Dopo la riforma del Terzo Settore (d.lgs. 117/2017), le fondazioni iscritte al RUNTS di norma non necessitano di autorizzazione governativa preventiva: è sufficiente la delibera del consiglio di amministrazione. Occorre però verificare lo statuto e le norme settoriali applicabili.
Cosa succede se un ente accetta l'eredità senza la necessaria autorizzazione?
L'accettazione priva della prescritta autorizzazione è nulla e non produce effetti traslativi dell'eredità in capo all'ente. L'eredità non si consolida nel patrimonio dell'ente e dovrà procedersi a una nuova accettazione regolarizzata.
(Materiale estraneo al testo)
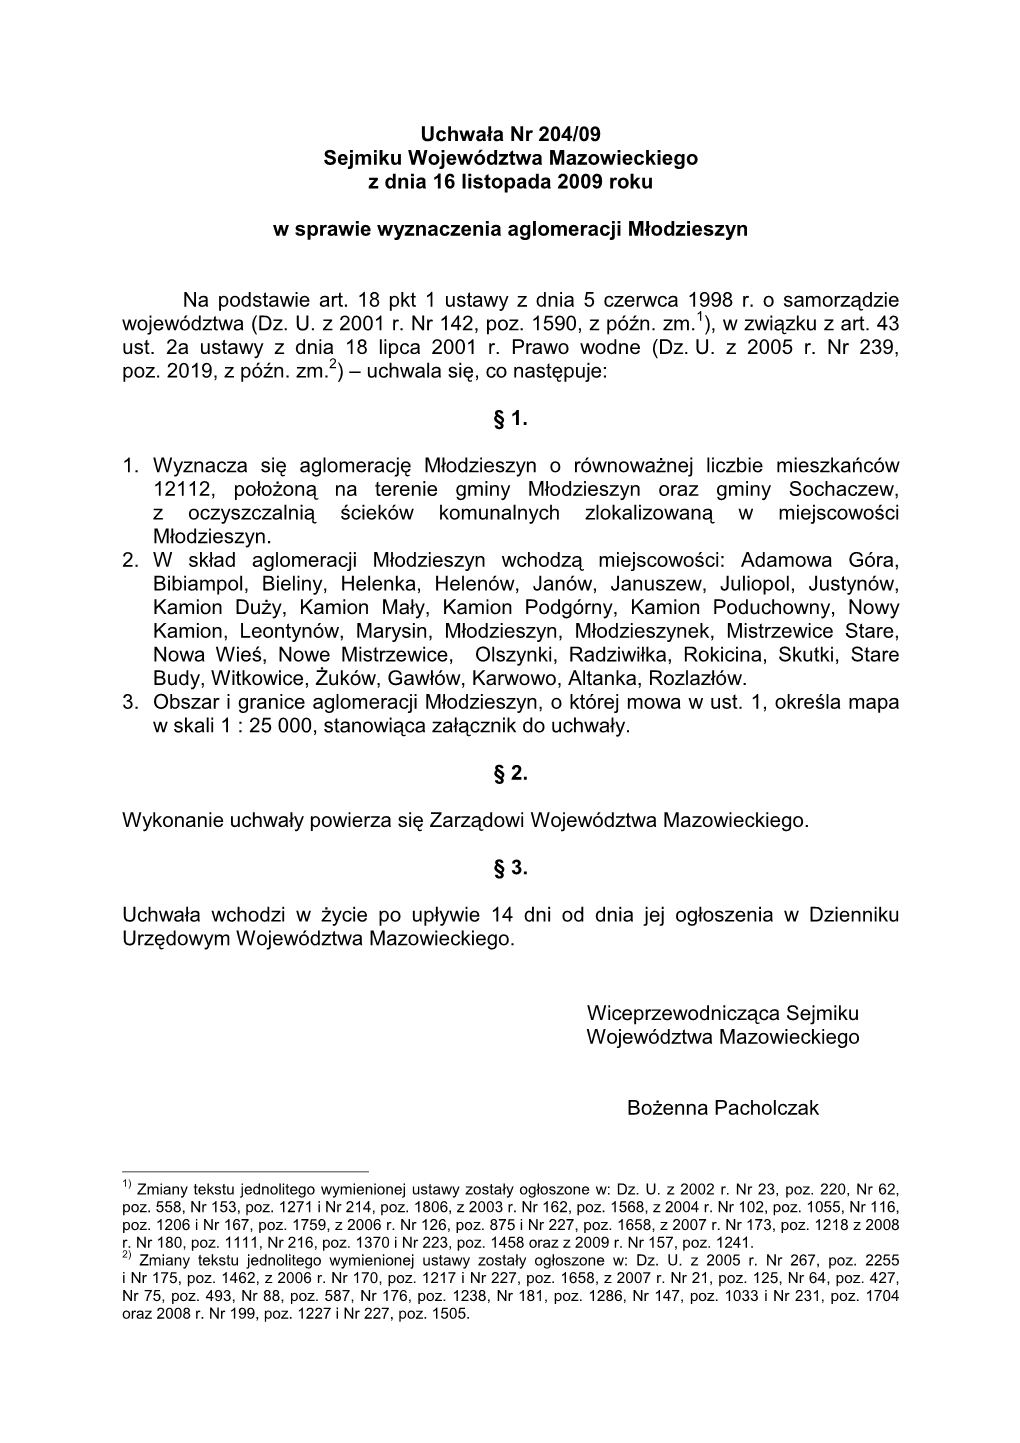 Uchwała Nr 204/09 Sejmiku Województwa Mazowieckiego Z Dnia 16 Listopada 2009 Roku

Un ente pubblico può accettare eredità con beneficio d'inventario?
Sì, ed è la modalità raccomandata quando il passivo ereditario è incerto. L'accettazione con beneficio d'inventario limita la responsabilità dell'ente ai soli beni ricevuti, proteggendo il patrimonio istituzionale da debiti ereditari eccedenti l'attivo.
Le associazioni di promozione sociale possono ricevere lasciti testamentari?
Sì. Le associazioni iscritte al RUNTS (Registro Unico Nazionale del Terzo Settore) possono accettare eredità e legati con delibera dell'organo amministrativo, nel rispetto dello statuto. I lasciti devono essere destinati alle finalità istituzionali dell'ente.
Una parrocchia può accettare un'eredità senza autorizzazione statale?
Gli enti ecclesiastici civilmente riconosciuti (parrocchie, diocesi) sono soggetti a un regime speciale: la L. 222/1985 e il d.P.R. 361/2000 richiedono autorizzazione dell'autorità ecclesiastica competente e, per acquisti superiori a certi valori, anche il consenso dell'autorità civile. Il regime varia in base all'entità del patrimonio acquisito.